# Blankets for shelters/rescues



## robinsegg26 (Nov 14, 2006)

hey guys I found this new website. they donate blankets to animal shelters and rescues... Just thought i would share in case anybody could use some. 

thanks! 
Lil 

Welcome to Blankets for Babies


----------



## Brinkleysmom (Dec 17, 2005)

robinsegg26 said:


> hey guys I found this new website. they donate blankets to animal shelters and rescues... Just thought i would share in case anybody could use some.
> 
> thanks!
> Lil
> ...


Hey Lil, good to know. Thanks for sharing. Its always nice to have that information to pass on especially to newer rescues struggling.


----------



## GoldenJoyx'stwo (Feb 25, 2007)

That is, wonderful info Lil! Is that Chris in your Avatar?


----------



## robinsegg26 (Nov 14, 2006)

Yep isnt he a cutie : Would never know how rotten he is in that pic huh...lol.. we were at Mary's house and he jumped in my lap to get away from the other dogs....lol.. that way he could observe... :bowl: he got down and played with Oliver her pup but he just wanted to check things out first... hes a hoot... total couch potato... but show him a ball and he goes ball crazy


Hes for adoption btw if anyone is intrested! Midlands Golden Rescue in SC...


----------



## robinsegg26 (Nov 14, 2006)

Welcome to Blankets for Babies - Making a Difference One Blanket at a Time

I met Tara today that runs this group.. super nice lady! I got 15 blankets for the rescue and she told me to let her know of any others that need some... She ships them out to whomever needs some... Some are made from sheets and other are made from Fleece...

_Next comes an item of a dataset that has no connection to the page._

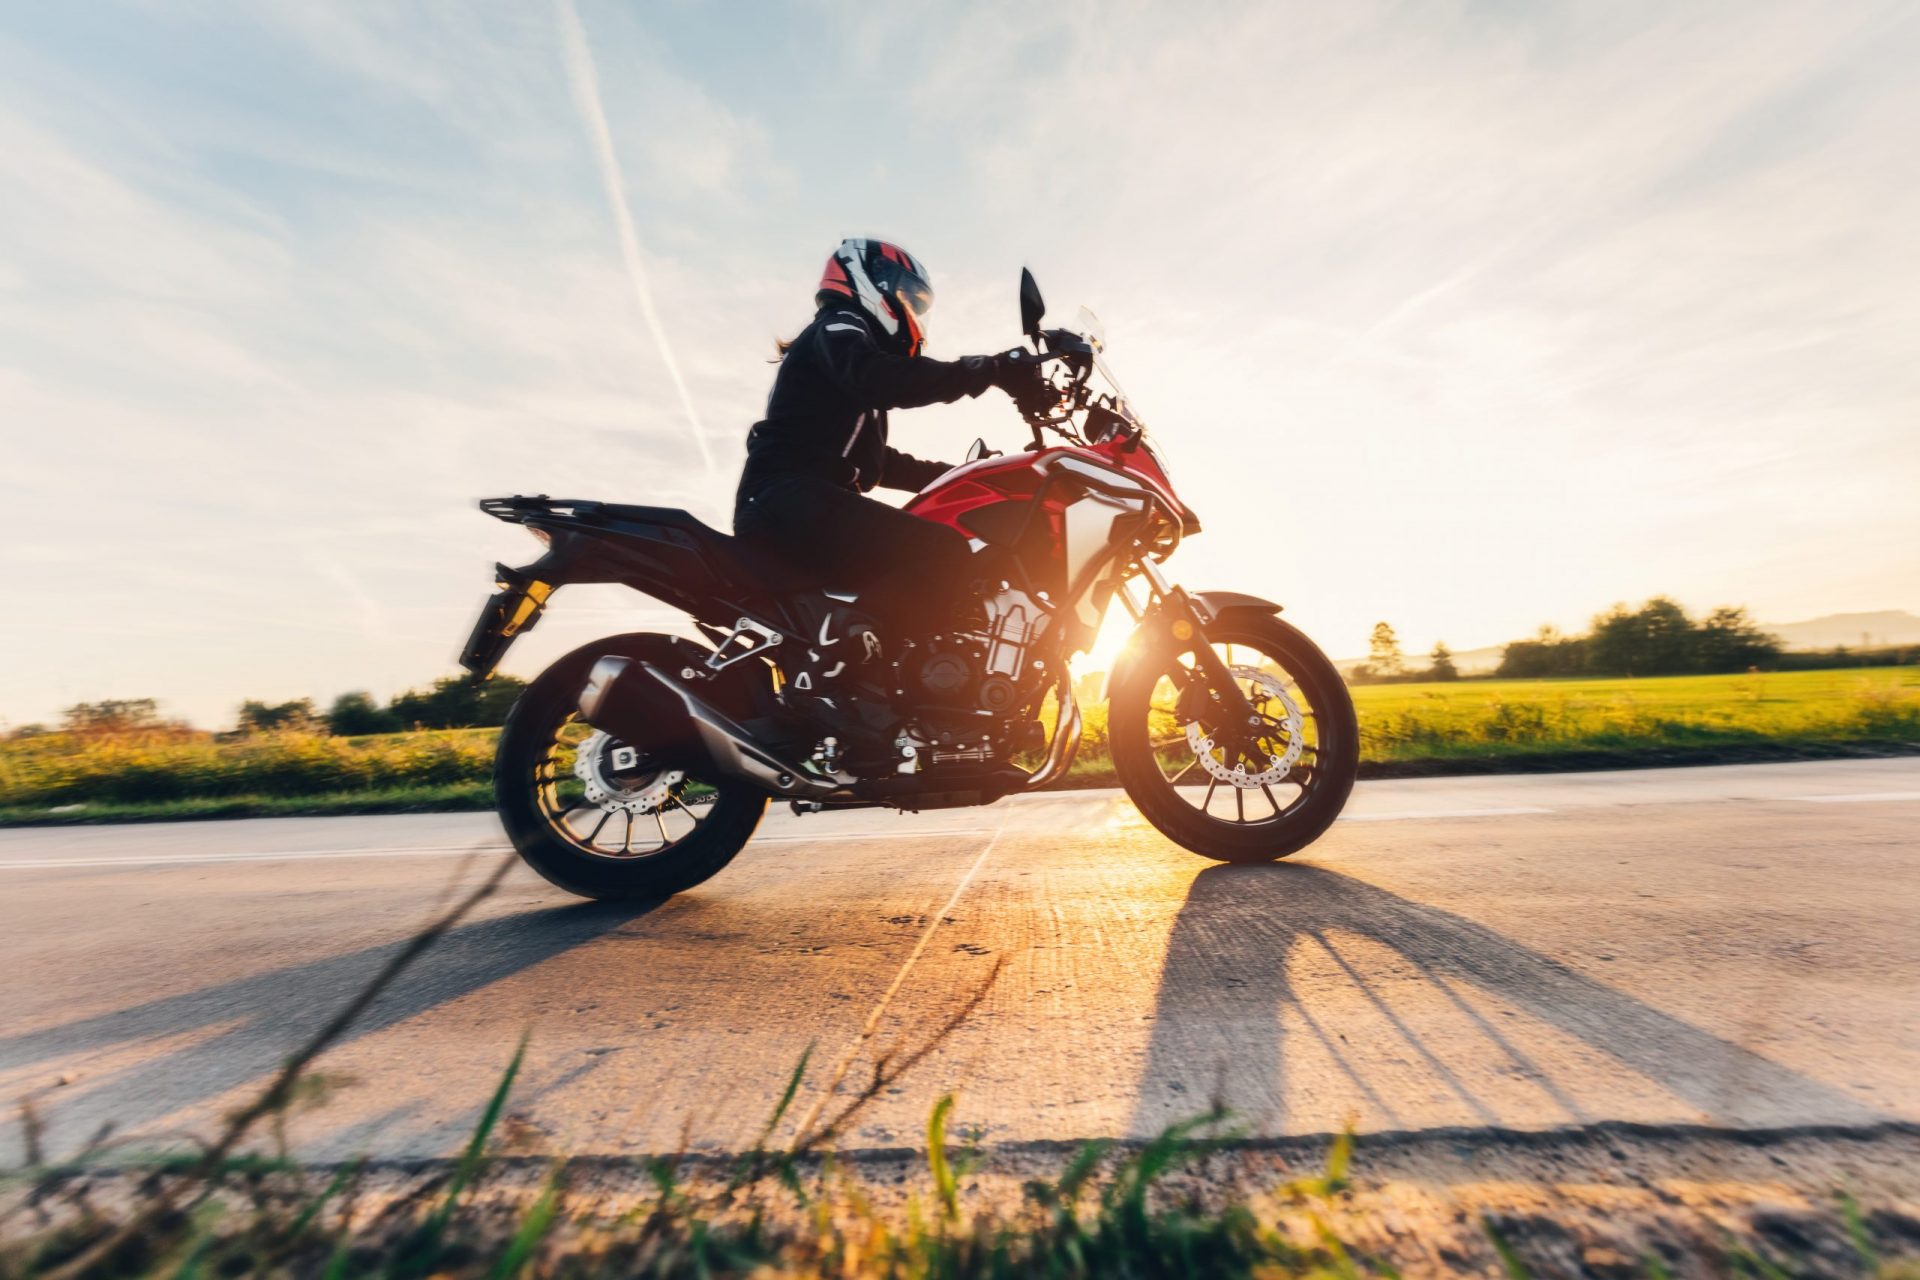 Before You Ride: Motorcycle Safety Tips

If you know of anyone that has material to donate shes accepting donations! Fleece is really expensive... 


Also if your rescue would like to sell bandanas they have some... They will give 2.00 to the rescue for every bandana sold in your store... They sell for 6.00 (plus .50 shipping) and blankets for babies will get 4.00 of the purchase price and the rescue gets 2.00.

just thought i would mention it ... thanks!:wavey:


----------



## GoldenShamus (Feb 26, 2007)

What a wonderful idea!

I'm going to donate some money to them, that is such a great cause. 

It's also great for people, if you find a deal on dog beds, etc. to pick a few up. I recently donated Shamus's two beds to a local shelter who was very appreciative, and they were in very good condition. When I find beds, food, etc. on sale, I pick it up. It's important to ask the specific shelter what their needs are, I know one shelter I spoke with needed cat food but not dog food and needed laundry and dishwasher detergent, which I never would have thought of if I hadn't called.


----------



## robinsegg26 (Nov 14, 2006)

I am sure she will appreciate it...Also needs help sewing the blankets together... shes got 7 girl scout troups doing the no sew blankets... but shes looking for help with sewing and cutting out material for blankets and bandanas... shes got volunteers in several states if someone is intrested in helping her... wish i had time but kinda have my hands full with fundraisers and fosters...lol...


----------



## GoldenJoyx'stwo (Feb 25, 2007)

robinsegg26 said:


> I am sure she will appreciate it...Also needs help sewing the blankets together... shes got 7 girl scout troups doing the no sew blankets... but shes looking for help with sewing and cutting out material for blankets and bandanas... shes got volunteers in several states if someone is intrested in helping her... wish i had time but kinda have my hands full with fundraisers and fosters...lol...


Sounds like a great community service project! Has she approached any retirement homes? I know we have some knitting grannies helping out making items.


----------



## robinsegg26 (Nov 14, 2006)

great idea Kim! I was talking to her on the phone and asked for blankets for my local shelter and then told her what you suggested... said she will have to work on that......


FYI guys i just called my local shelter and asked if they need blankets and got back a big YES. Last time i was there the dogs didnt have blankets, beds or any toys that i could see. they had a few rotten tennis balls in their fenced in area.. but that was it.... So found one place that needs blankets :


----------



## robinsegg26 (Nov 14, 2006)

bump... this is a great organization.. Anybody want to help sew blankets togther? shes looking for volunteers! shes got people in several states so you dont have to live here... 

And she also has no sew blankets if you dont feel like sewing.. also makes bandanas and smaller blankets for cats...


----------



## robinsegg26 (Nov 14, 2006)

oh and we went to the shelter on Saturday and took over 50 blankets, a bunch of toys, treats & towels for the shelter. they only had 3 dogs up for adoption but 70 dogs total in the shelter. not sure whats going on there...


----------



## blanketsforbabies (Mar 20, 2007)

Thanks Lil! Thanks for the kind words. If anyone wants to help, PLEASE let me know. i'm getting kinda desperate! hehe... I've got about 10 more shelters and not enough help with blankets. Thanks everyone!


----------